По каждой картине я могу проследить, что и у кого "заимствовал", можете считать, крал. Или, если хотите, – кто меня вдохновлял. И до сих пор вдохновляет. Когда что-то не получается, снимаю с полки наугад любую картину Куросавы, проматываю на видике где-то до середины и смотрю. С первой секунды – ощущение правды. И почти сразу приходит решение, как снимать.

Вот так же – он сам пишет об этом – Бергман открывает наобум Чехова. Не утверждаю, что он внимательно его читает и перечитывает. Просто открывает на первой попавшейся странице. Что у него берет? Камертон. А с ним и понимание, как делать свой фильм.

Главное, что заимствуешь у великих, – их смелость. Когда чего-то не знаешь, заходишь в тупик, робеешь. А великие словно говорят: "Не бойся, мальчик! Лети! Не упадешь!"

"Ася Клячина" внешне, по стилистике навеяна, скорее, французской "новой волной", но по духу, по мироощущению картина феллиниевская. Все, кто на экране, – немножко монстры. Героиня – беременная хромая святая, горбун-председатель, беспалый бригадир, рассказывающий о своей жизни. К этому прикладывался еще и Бюнюэль – правда, следов этого влияния в картине не осталось: все шедшее от него пришлось вырезать. Встающего из гроба старика, парящую над кроватью женщину, увиденную в "Лос Ольвидадос" и потом перекочевавшую к Тарковскому, все, что делалось из желания сюрреалистической сказки. Желания не осуществившегося.

На сдаче картины в Главке подошел Ермаш в мятом сером цековском пиджаке, он тогда заведовал сектором кино в ЦК КПСС. Обнял, поздравил, говорил, насколько это добрее, светлее, чем "Первый учитель". Казалось, счастье не за горами. Через три недели грянул гром: картину запретили. Да еще с каким треском!

До того как стать председателем Госкино СССР, Романов был главным редактором газеты "Горьковская правда", в Москву его перевели из Горького. Он был маленький, толстенький – вполне заурядный партийный функционер, с бабьим лицом. Работа у тех, кто сидел в его кресле и до него, и после, была незавидной – все время надо было лгать, выкручиваться, выполняя нелепейшие поправки членов Политбюро, удостоивших своего просмотра тот или иной фильм. Как известно, было две области, в которых понимали все, – кино и сельское хозяйство.
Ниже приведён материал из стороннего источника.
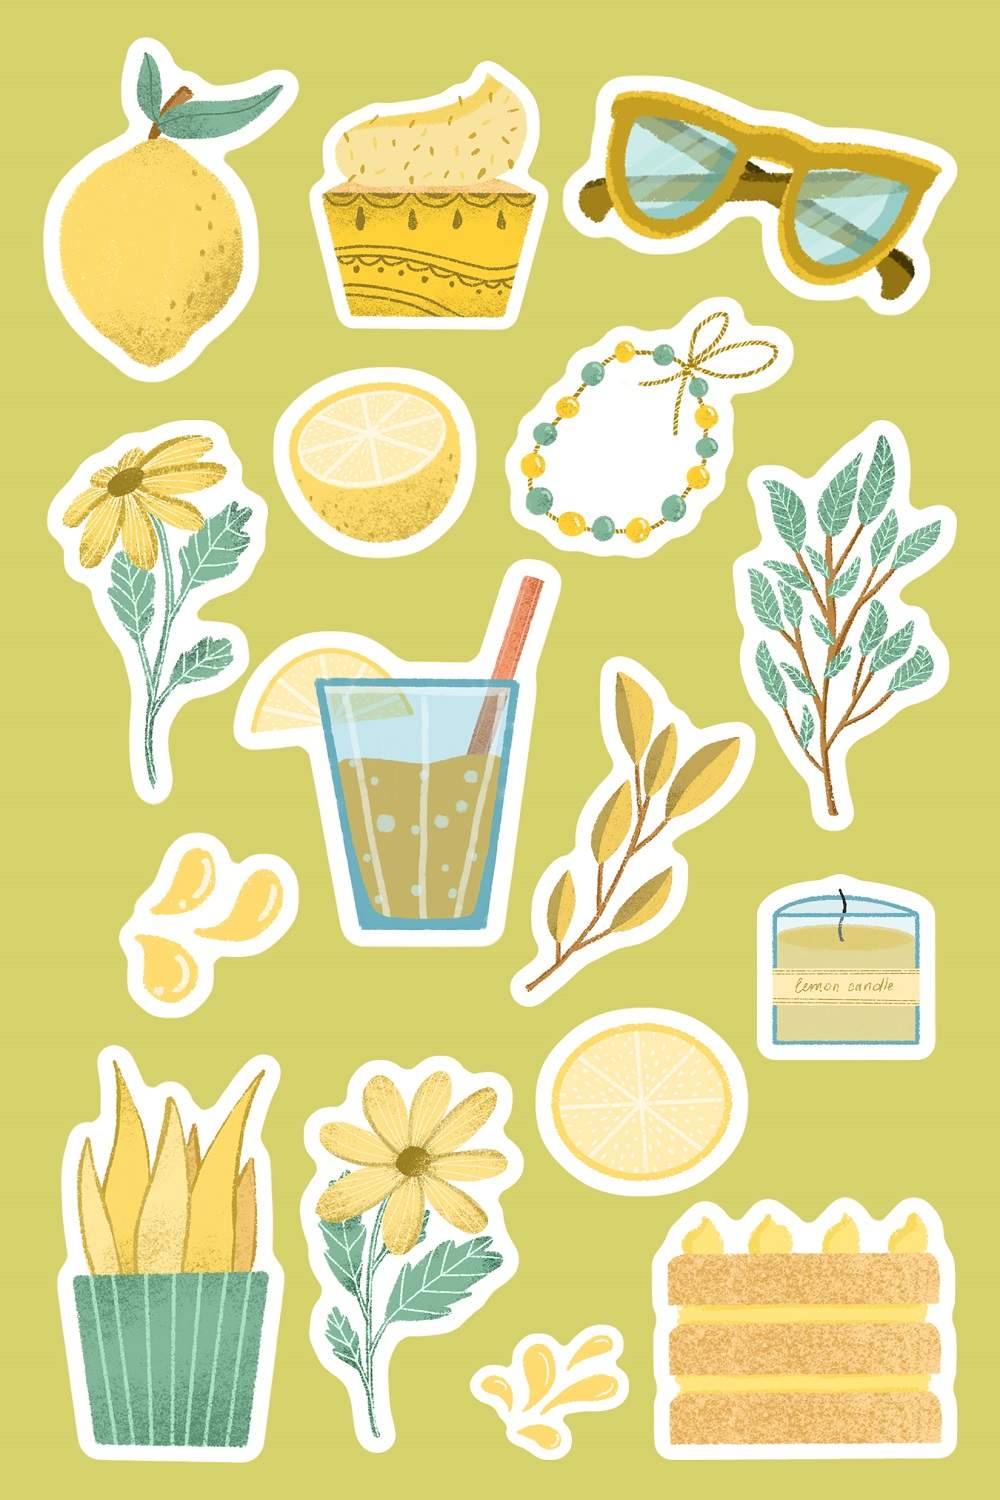 Lemonade sticker pack pinterest preview image.

В марте 1967 года я по глупости повез картину в Кстово – показать ее участникам съемок. Секретарем Горьковского обкома в это время был Катушев.

Картину посмотрели в обкоме – без моего ведома, естественно. Просто забрали из аппаратной кстовского киномеханика. В атмосфере чувствовалось что-то настораживающее. Был обед в обкоме – с красной икрой. Присутствовали я и папа: предчувствуя грядущие напасти, Сергей Владимирович приехал на мою горьковскую премьеру. Разговор был сухой, через губу: картина явно не понравилась. Я еще не понимал, что судьба ее уже решена.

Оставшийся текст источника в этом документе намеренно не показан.